Data provided —
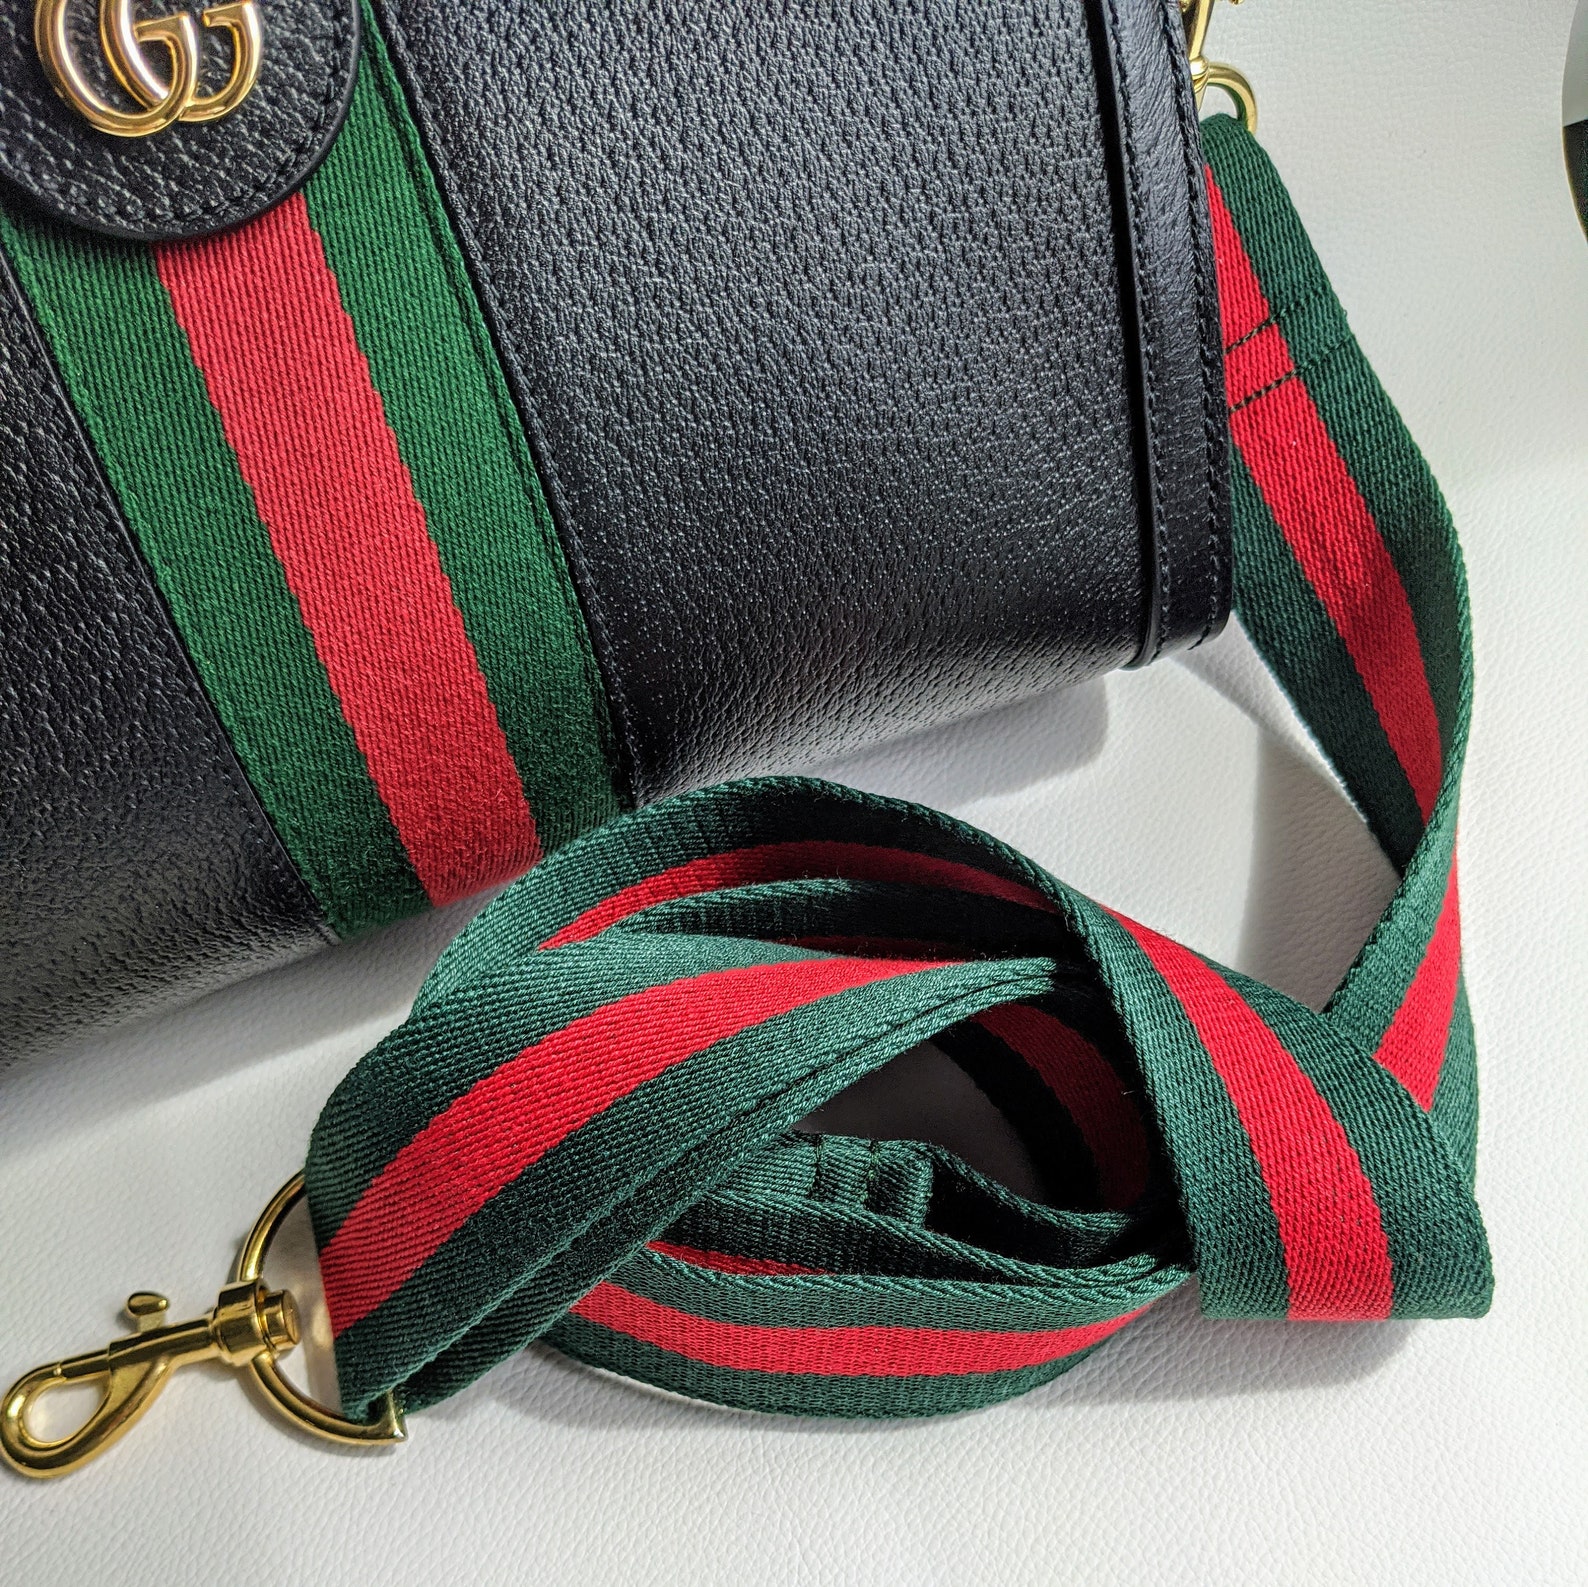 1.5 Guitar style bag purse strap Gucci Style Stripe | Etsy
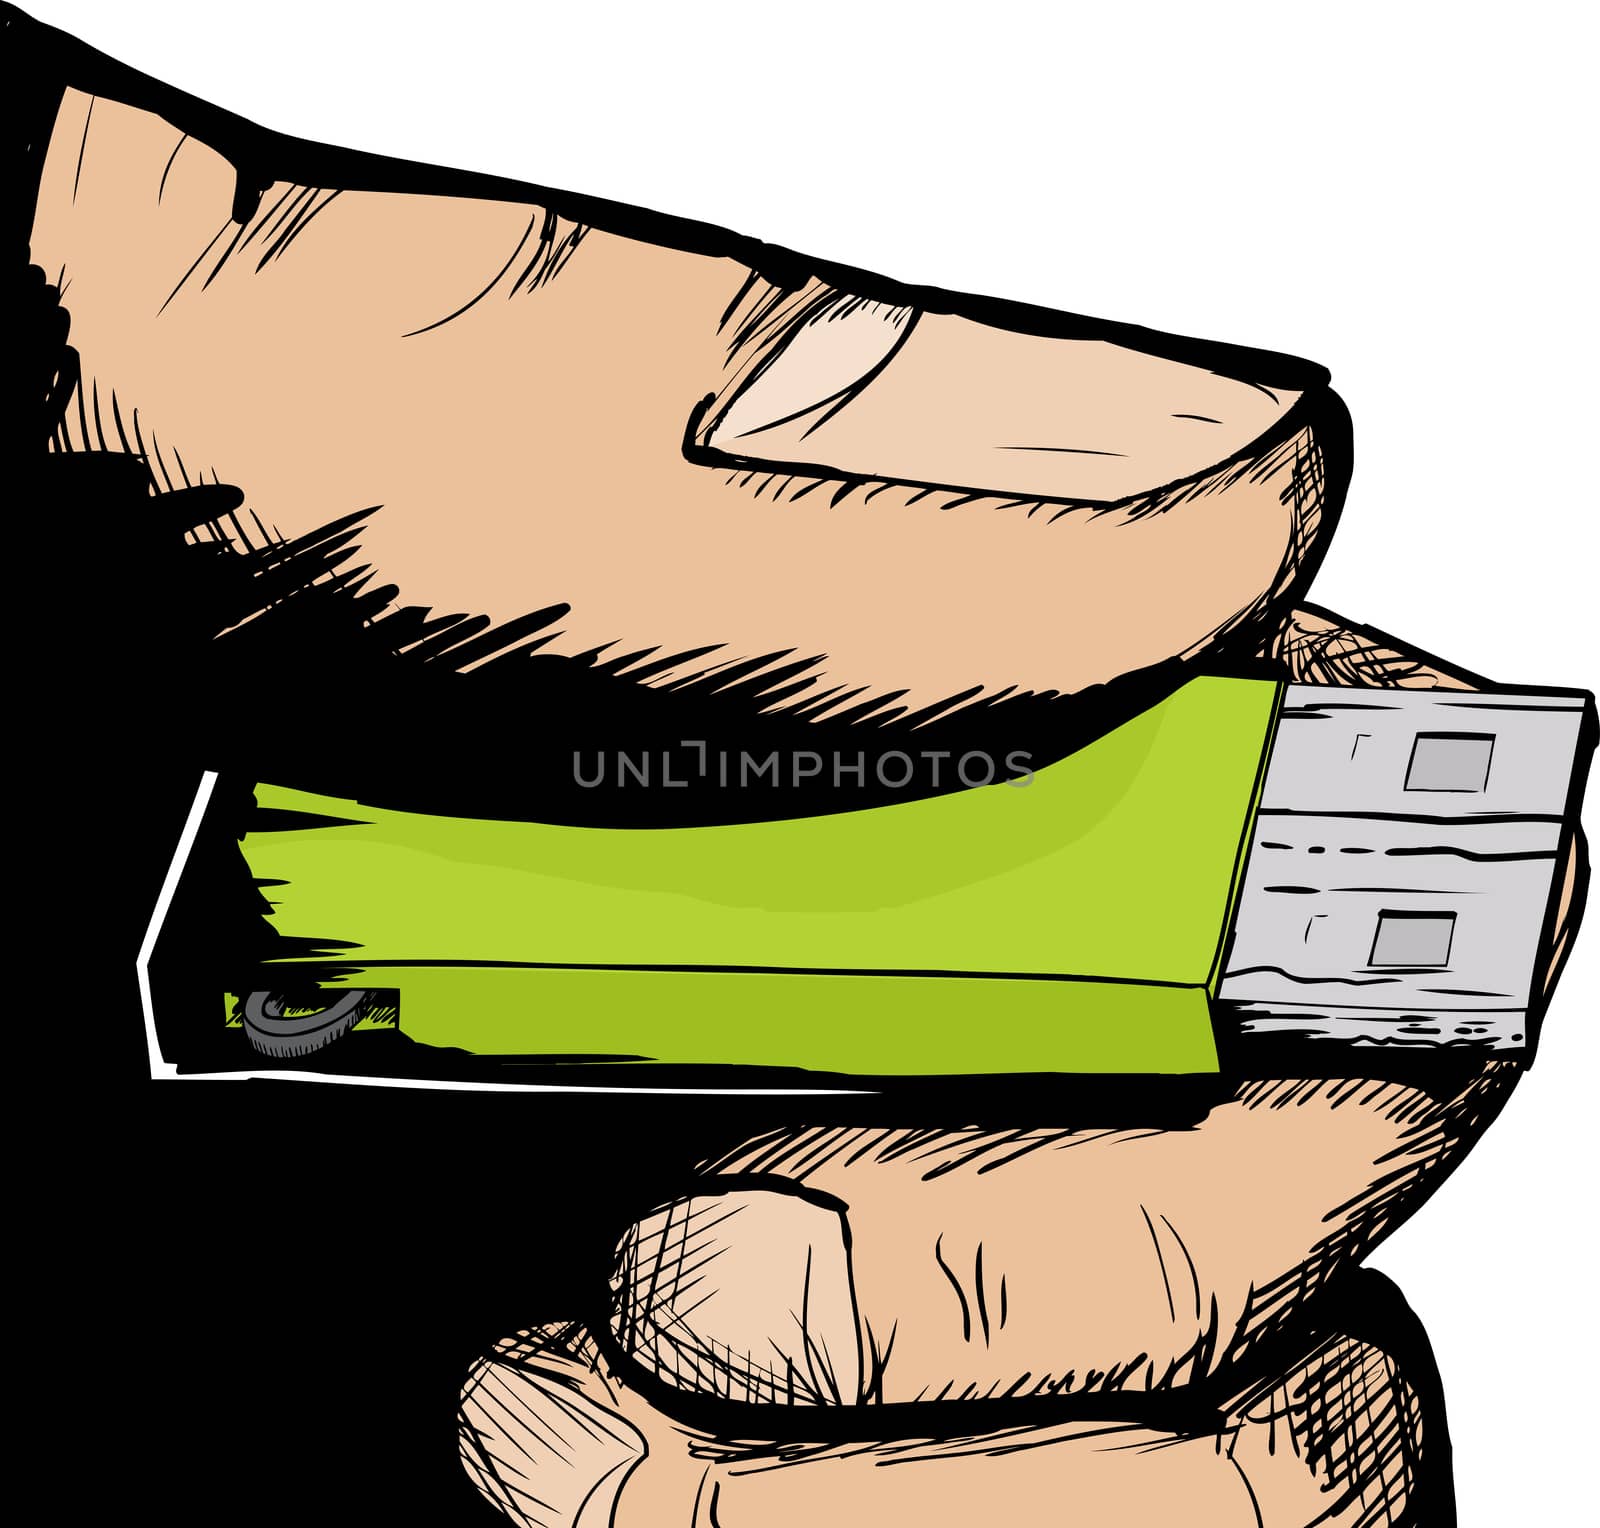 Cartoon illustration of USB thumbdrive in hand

--

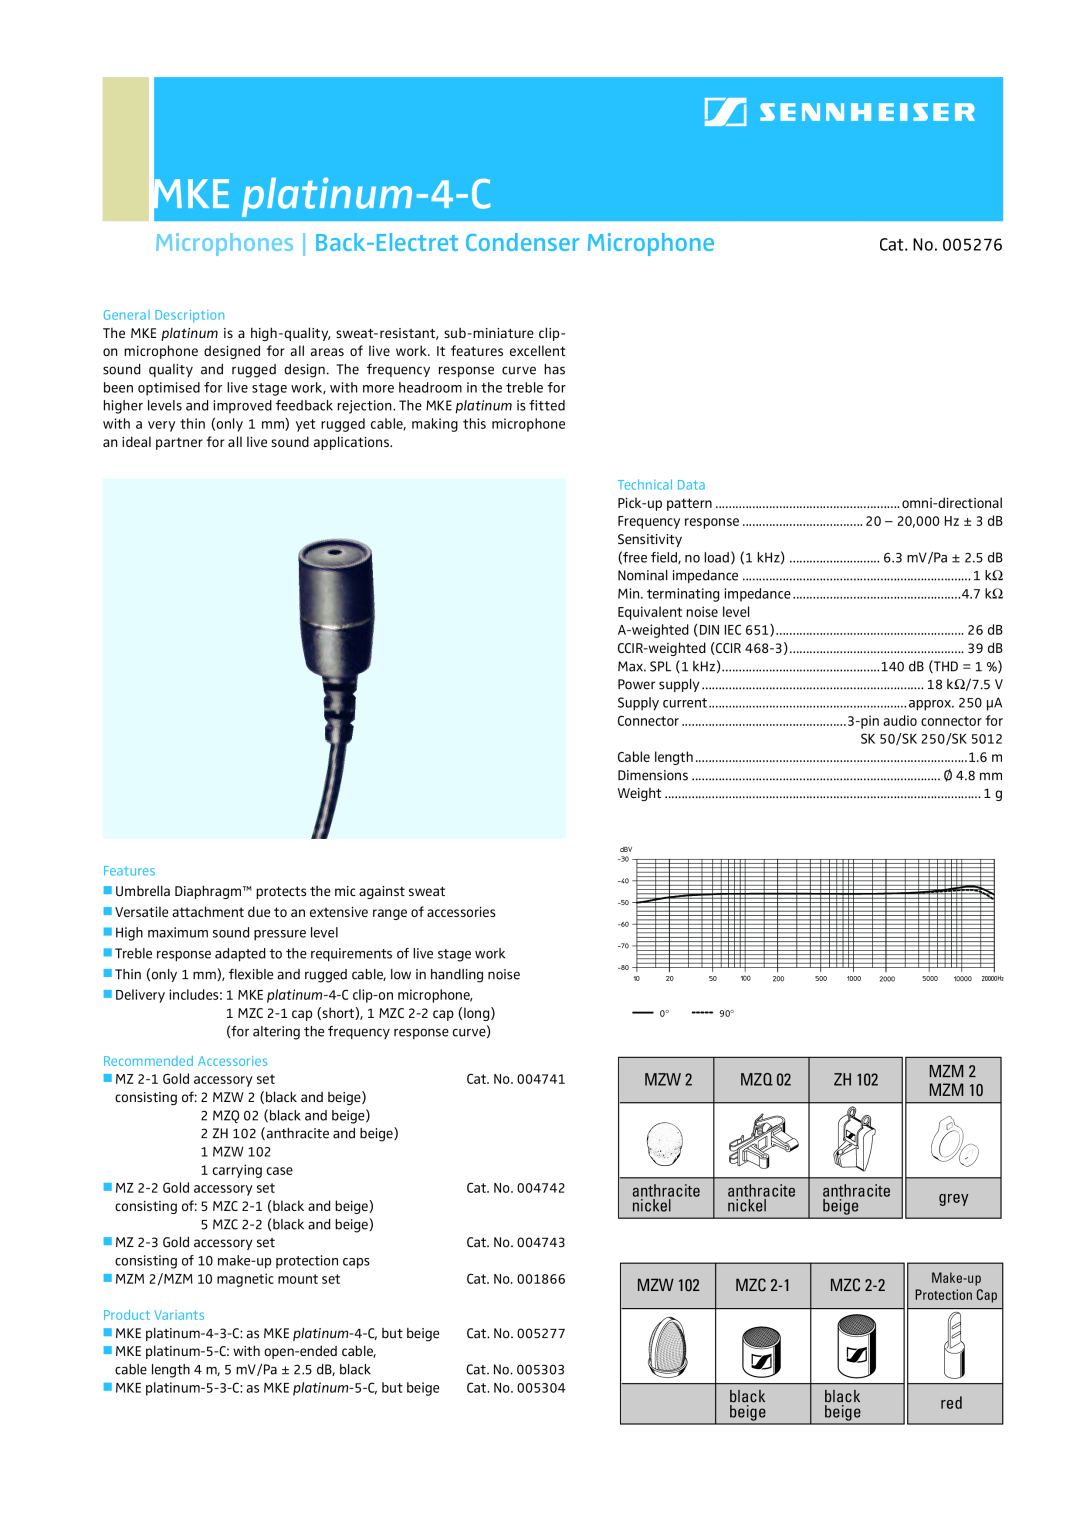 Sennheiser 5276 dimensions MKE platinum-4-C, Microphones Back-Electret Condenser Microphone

Work item — What belongs in the answer is each line above from the line with "1.5 Guitar style" to the line with "Cartoon illustration of", inclusive, reproduced exactly and free of pictures.

Response box —
 1.5 Guitar style bag purse strap Gucci Style Stripe | Etsy
 Cartoon illustration of USB thumbdrive in hand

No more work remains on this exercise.